▶ [Assignment]
Without the images, print every line of the material below exactly as given.

▶ [Recorded information]
++++++++++

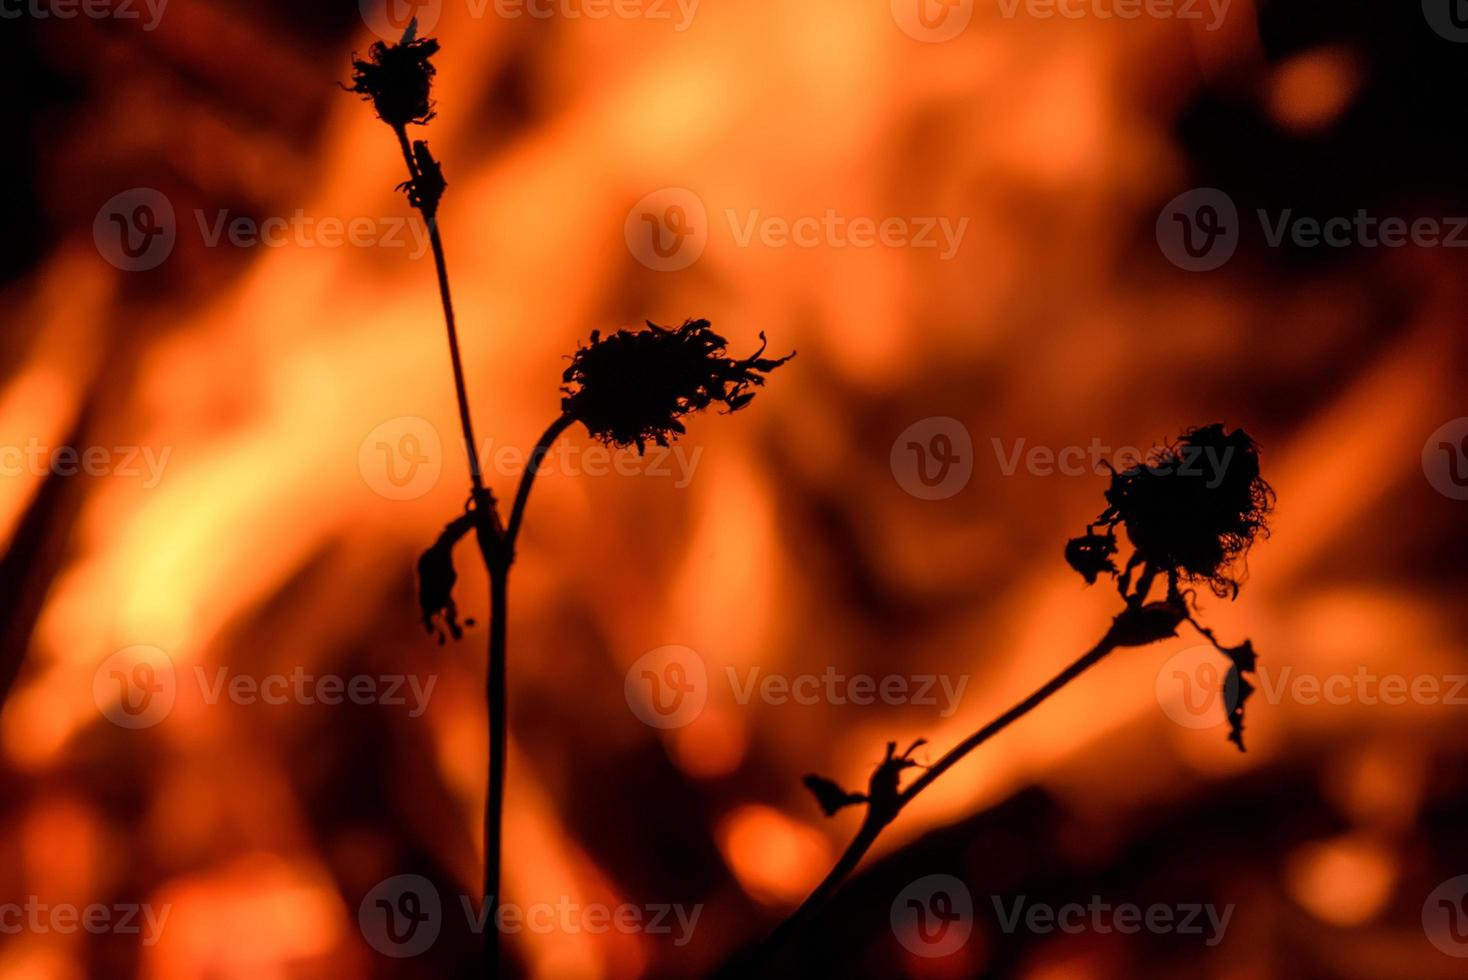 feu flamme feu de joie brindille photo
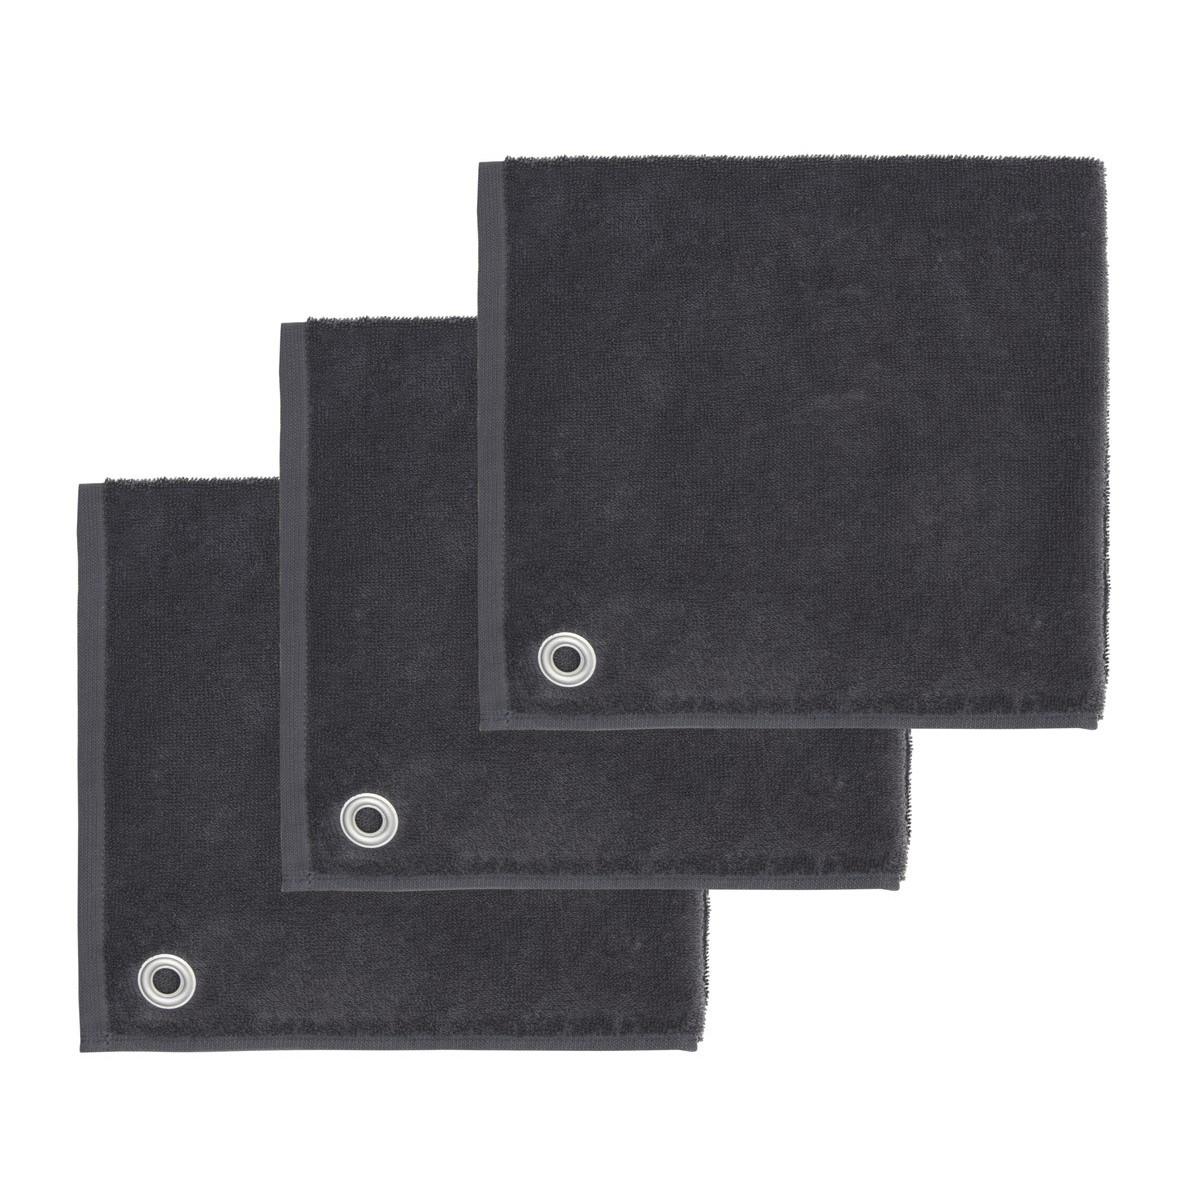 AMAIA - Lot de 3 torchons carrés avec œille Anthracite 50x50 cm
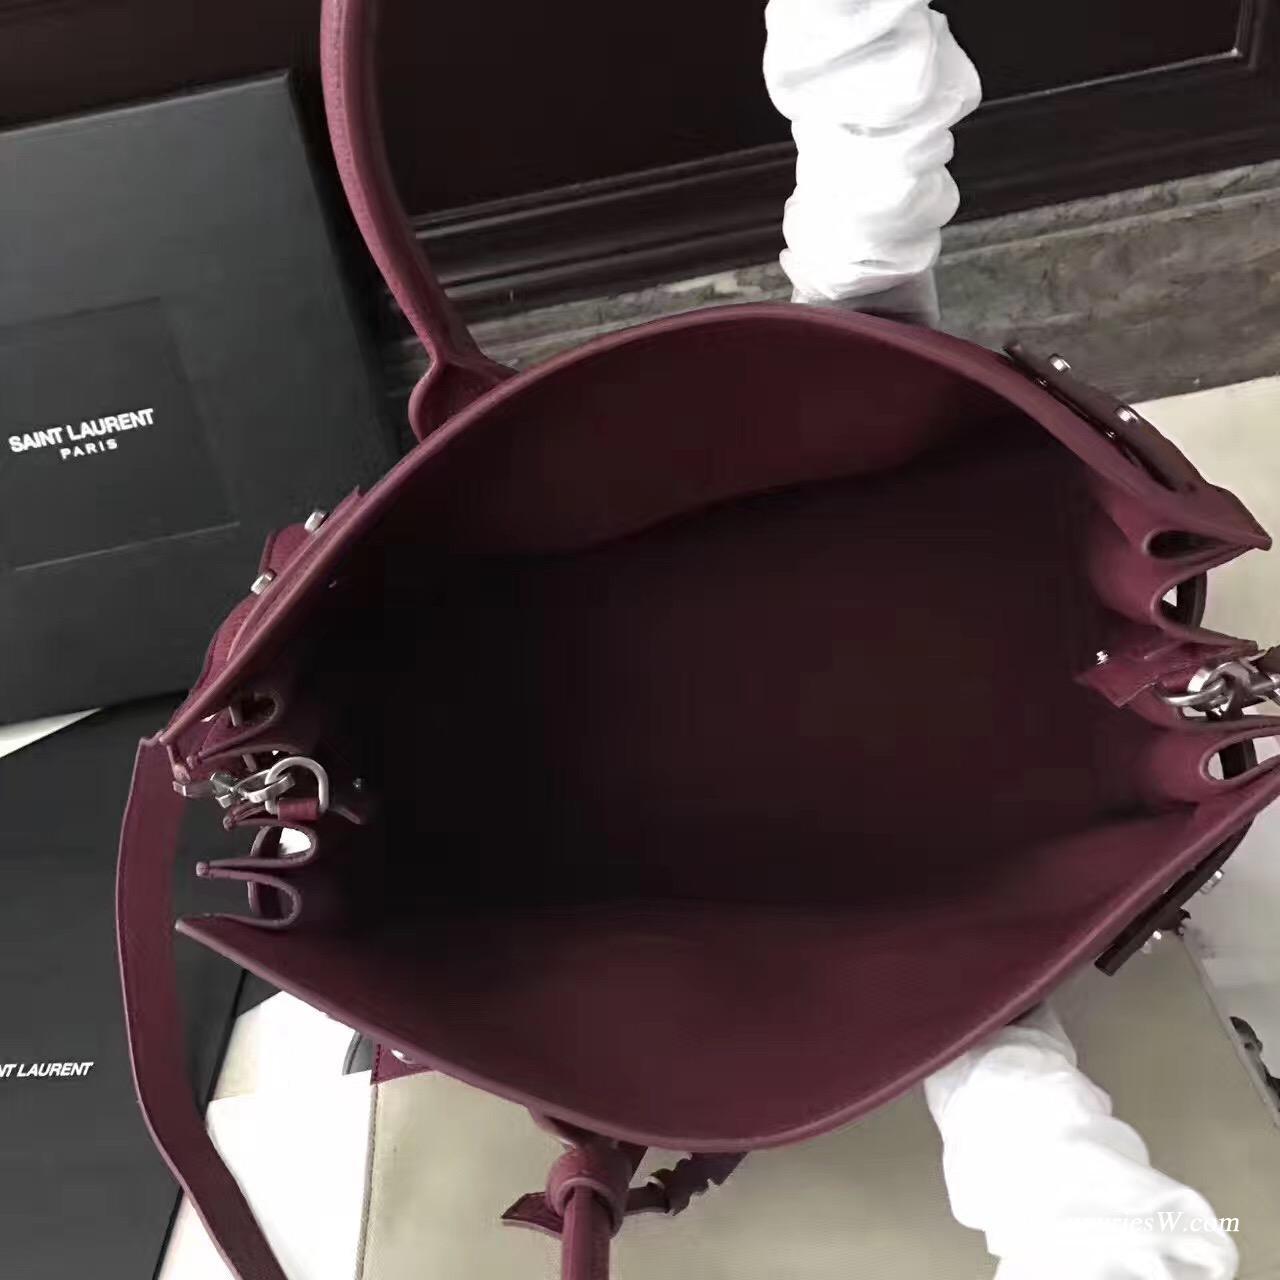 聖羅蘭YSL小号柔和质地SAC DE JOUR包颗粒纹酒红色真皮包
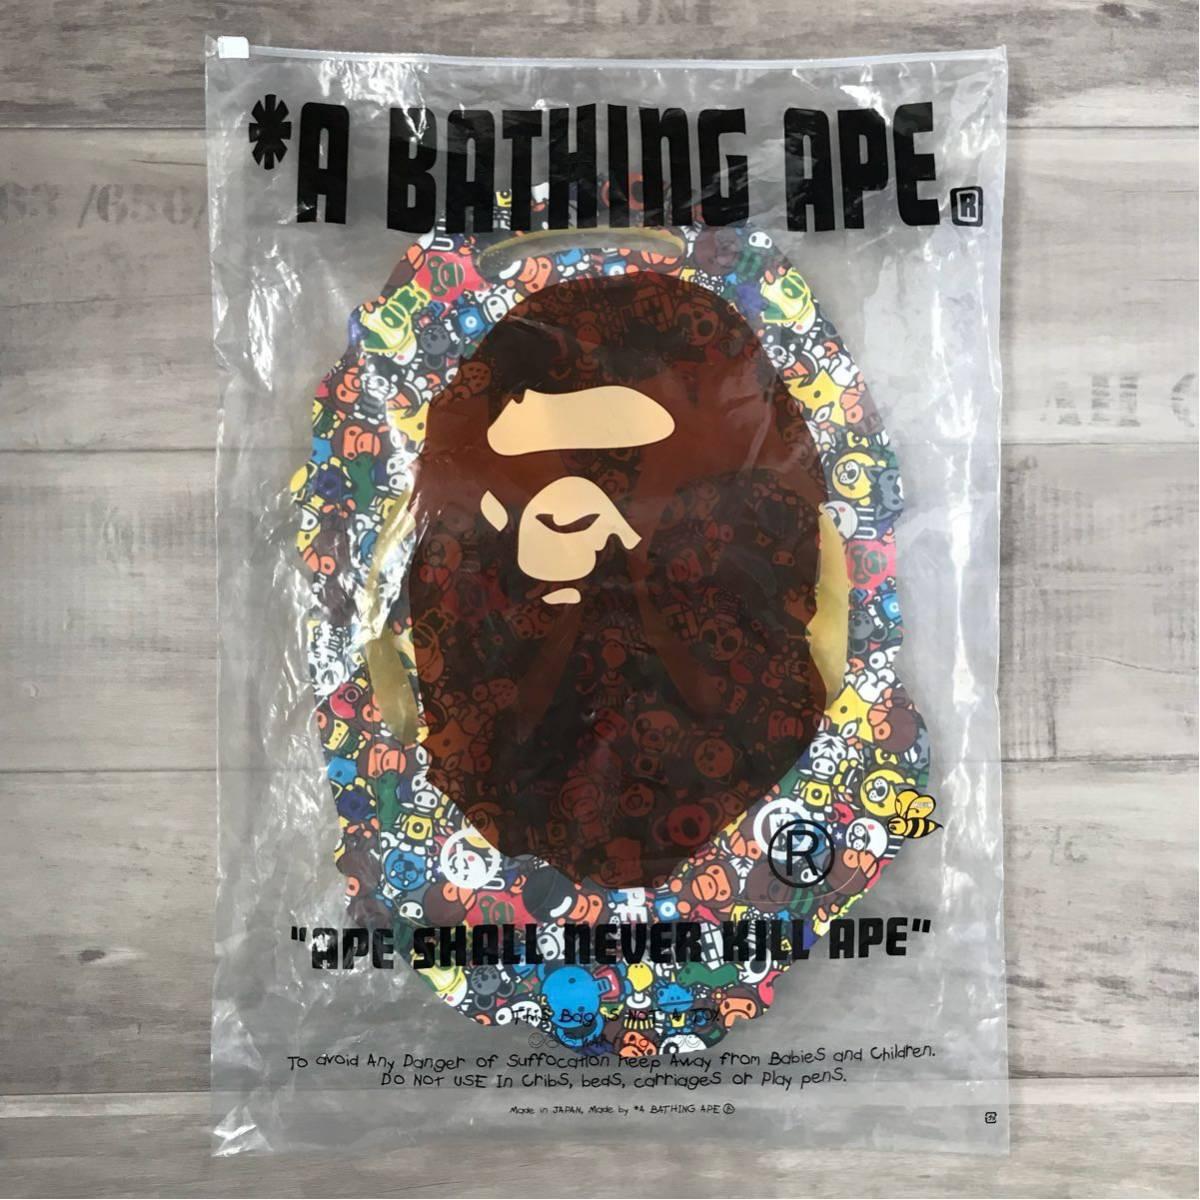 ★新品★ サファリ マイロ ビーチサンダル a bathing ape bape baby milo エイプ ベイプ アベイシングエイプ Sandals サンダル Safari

++++++++++

▶ [Answer to this exercise]
 feu flamme feu de joie brindille photo
 AMAIA - Lot de 3 torchons carrés avec œille Anthracite 50x50 cm
 聖羅蘭YSL小号柔和质地SAC DE JOUR包颗粒纹酒红色真皮包
 ★新品★ サファリ マイロ ビーチサンダル a bathing ape bape baby milo エイプ ベイプ アベイシングエイプ Sandals サンダル Safari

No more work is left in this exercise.